‹…› Вскоре Гардин начал подбирать актеров для картины «Поэт и царь». Мне была поручена роль Данзаса. Мне понравилась атмосфера этого коллектива. Из Москвы приехал Евгений Червяков — скромный человек в куртке с заплатой на локте. Говорили, что его пробуют на роль Пушкина. Помню, это поразило меня — такой скромный человек и на роль Пушкина! Но что-то в нем сразу привлекало.
Я пригласил его посмотреть в театре спектакль. Он с охотой отозвался. После спектакля, делясь своими впечатлениями, он разругал многое из того, что мне нравилось. Я был даже несколько возмущен — какой-то мальчишка (моложе меня на год) и так легко расщелкал все, что меня привлекало в спектакле.
Потом, несмотря на колючую критику моей работы в некоторых театральных спектаклях, он стал мне нравиться все больше и больше. И я не сразу заметил, что просто влюбился в этого человека.
Когда же он стал говорить со мной о кино, я понял, что был до сих пор слепым. Все, что он рассказывал, было так убедительно и так увлекательно, что я стал не на шутку мечтать о работе с ним. А он только еще готовился стать режиссером, работая ассистентом у Гардина. А когда Гардин в течение двух месяцев находился в отсутствии, он заменил его полностью на съемочной площадке.
Мне нравилась и актерская его работа. Никогда не забуду его в роли Пушкина. Было в нем что-то подлинное — какая-то детскость, вера в человека, юношеская страстность и пылкость.
...Однажды неслись мы с ним на лихаче через мост, к месту дуэли. Замерзшая Нева, снег, Петропавловская крепость.

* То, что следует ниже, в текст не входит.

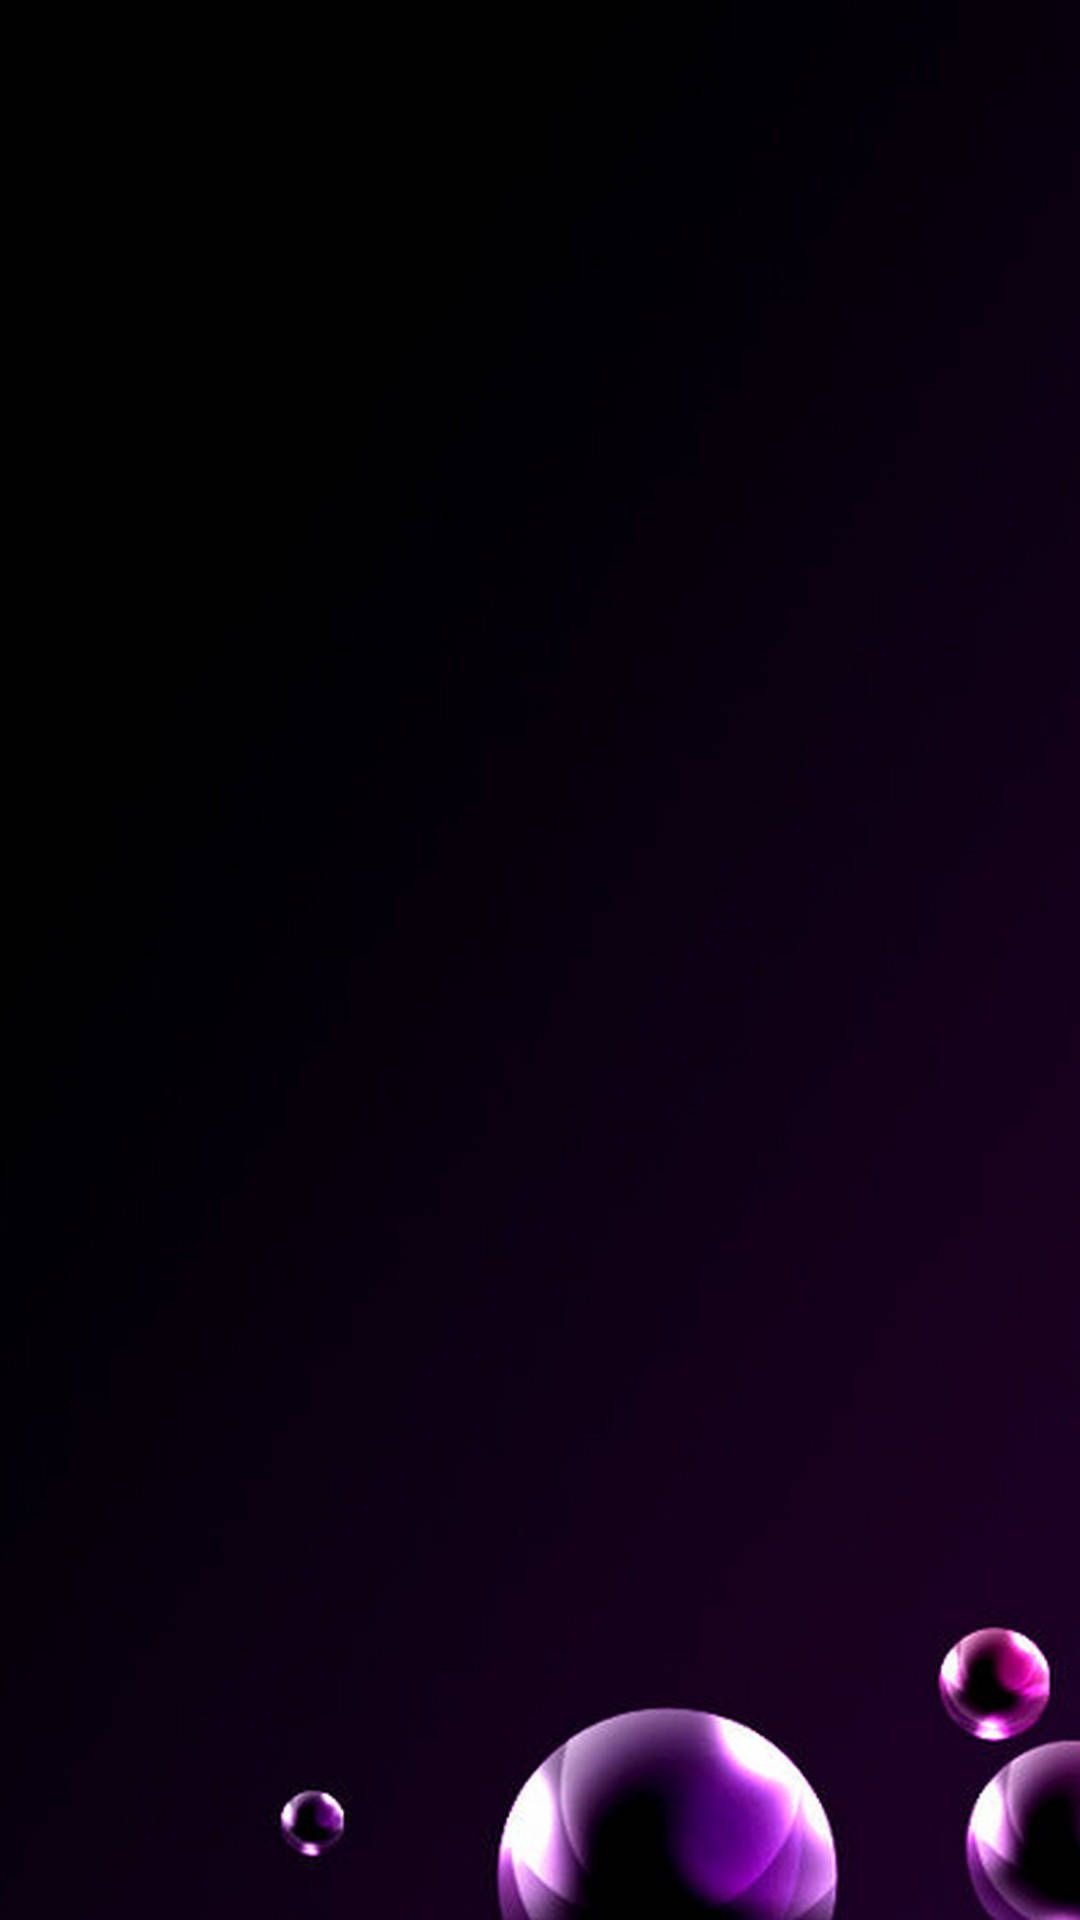 Dark Purple iPhone Wallpaper with high-resolution 1080x1920 pixel. You can use this wallpaper for your iPhone 5, 6, 7, 8, X, XS, XR backgrounds, Mobile Screensaver, or iPad Lock Screen - Bubbles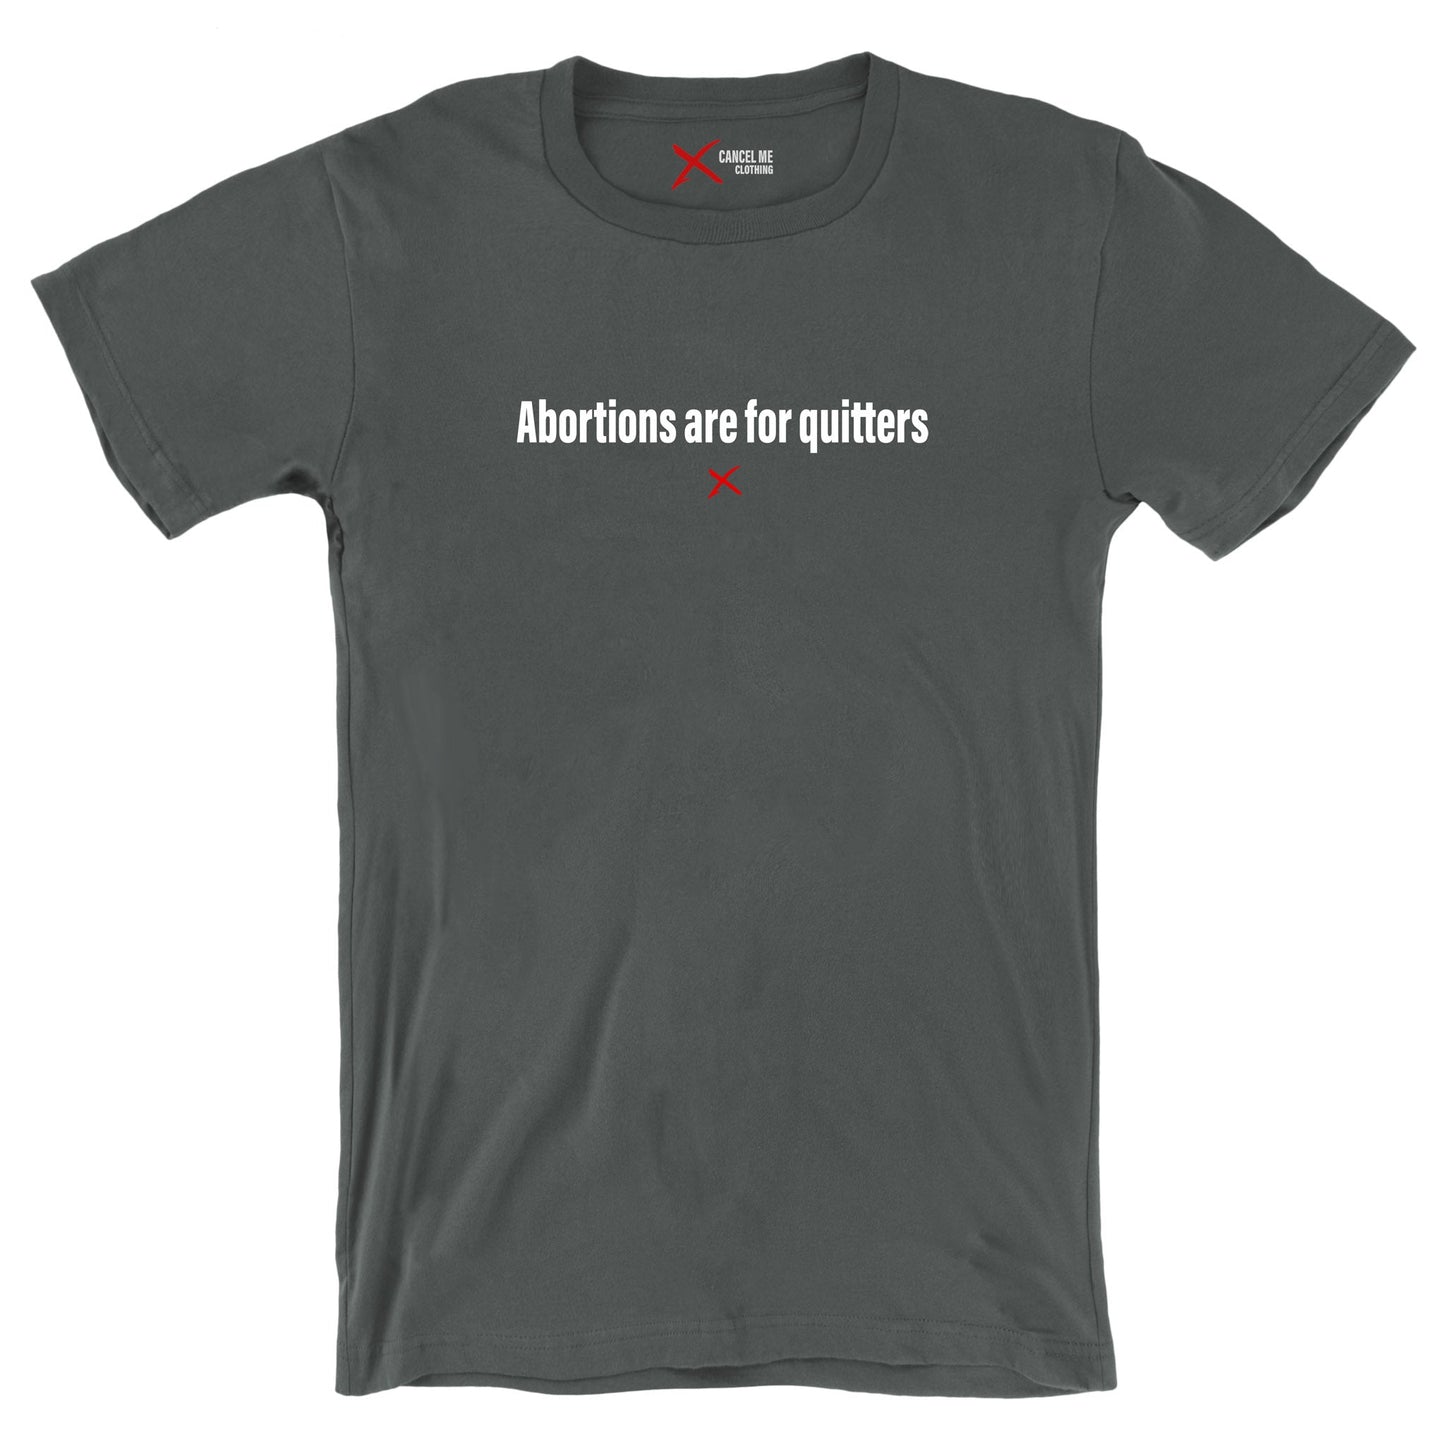 Abortions are for quitters - Shirt

...Помню, я только смотрел на него, ничего не говоря — невозможно было — я чувствовал себя Данзасом и вез друга на дуэль... Когда пришло время снимать павильон квартиры Пушкина (Гардин еще не вернулся), Женя просил «поглядывать, как у него получается Пушкин». Мои советы сводились к просьбам что-то сделать покороче, где-то не думать о том, что он Пушкин. Ни разу он не пытался спорить или возражать. ‹…›
В это же время Червяков снимал «Девушку с далекой реки». Я не был занят в этой картине, но часто бывал у него в группе и на просмотрах отснятого материала. Он говорил мне, что получил неплохой новый сценарий, вернее, набросок сценария «Мой сын». В Москве режиссер Желябужский уже снимал на эту тему фильм, с актером И. Москвиным, но совершенно иначе, чем это виделось Червякову. «Я не хочу, — говорил он, — делать, как они, бытовую картину. Я задумал все по-другому».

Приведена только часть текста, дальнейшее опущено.